Under existing guidance, the publication of the LIBOR reference rate was to be discontinued beginning on or around the end of 2021.  However, the ICE Benchmark Administration, in its capacity as administrator of USD LIBOR, has announced that it intends to extend publication of USD LIBOR (other than one-week and two-month tenors) by 18 months to June 2023.  Notwithstanding this possible extension, a joint statement by key regulatory authorities calls on banks to cease entering into new contracts that use USD LIBOR as a reference rate by no later than December 31, 2021.  We have good working relationships with each of the lenders to our notes, who are also the counterparties to our swap contracts.  We understand from our lenders and counterparties that their goal is to have the replacement reference rate under the notes match the replacement rates in the swaps.  If this were achieved, we believe there would be no effect on our financial position or results of operations.  However, because this will be the first time any of the reference rates for our promissory notes or our swap contracts will cease to be published, we cannot be sure how the replacement rate event will conclude.  Until we have more clarity from our lenders and counterparties, we cannot be certain of the impact on the Company. See “We may be adversely affected by changes in LIBOR reporting practices, the method in which LIBOR is determined or the use of alternative reference rates” under Item 1A in our October 31, 2021 Annual Report on Form 10-K for more information.
At January 31, 2022, we had no outstanding borrowings on our Facility, which bears interest at Libor plus 1.45%.  If interest rates were to rise 1%, our interest expense as a result of the variable rate would increase by any amount outstanding multiplied by 1% per annum.
28


Item 4.  Controls and Procedures

Evaluation of Disclosure Controls and Procedures
The Company's Chief Executive Officer and Chief Financial Officer have evaluated the effectiveness of the Company's disclosure controls and procedures (as defined in Rules 13a-15(e) and 15d-15(e) under the Securities Exchange Act of 1934) as of the end of the period covered by this report.  Based on such evaluation, the Company's Chief Executive Officer and Chief Financial Officer have concluded that, as of the end of such period, the Company's disclosure controls and procedures are effective.

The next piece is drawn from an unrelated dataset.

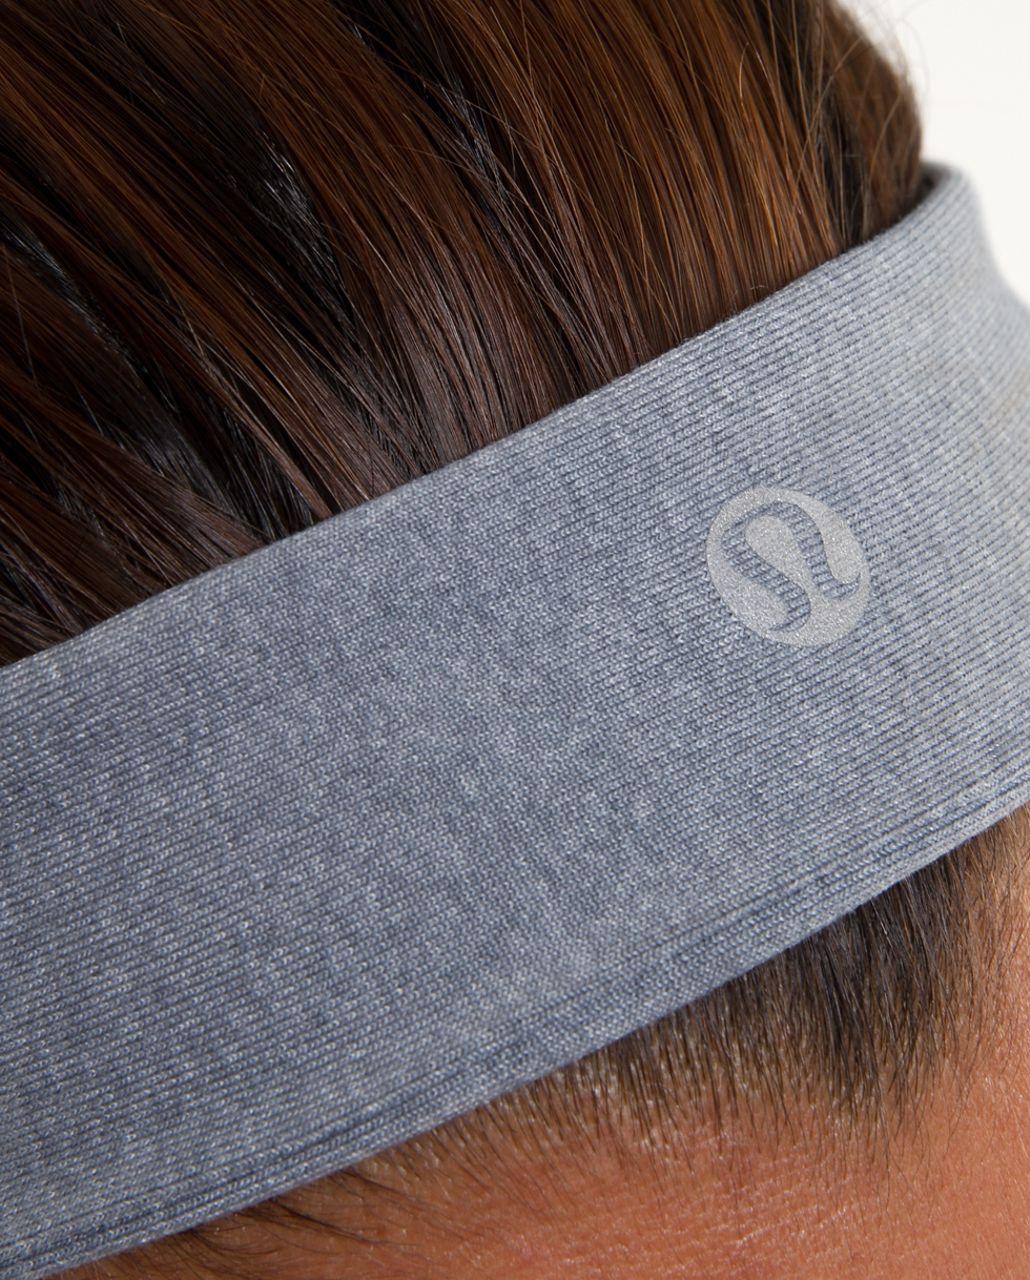 Lululemon Slipless Headband - Heathered Blurred Grey

Changes in Internal Controls
During the quarter ended January 31, 2022, there were no changes in our internal control over financial reporting that have materially affected, or are reasonably likely to materially affect, our internal control over financial reporting.


29


PART II – OTHER INFORMATION

Item 1. Legal Proceedings

In the ordinary course of business, the Company is involved in legal proceedings. There are no material legal proceedings presently pending against the Company.


30

Item 2.  Unregistered Sales of Equity Securities and Use of Proceeds

Following on its initial December 2013 authorization, in June 2017, our Board of Directors re-approved a share repurchase program (“Current Repurchase Program”) for the repurchase of up to 2,000,000 shares, in the aggregate, of Common stock and Class A Common stock in open market transactions.  The Current Repurchase Program was announced on June 9, 2017.  For the three month period ended January 31, 2022, the Company did not repurchase any stock under the Current Repurchase Program.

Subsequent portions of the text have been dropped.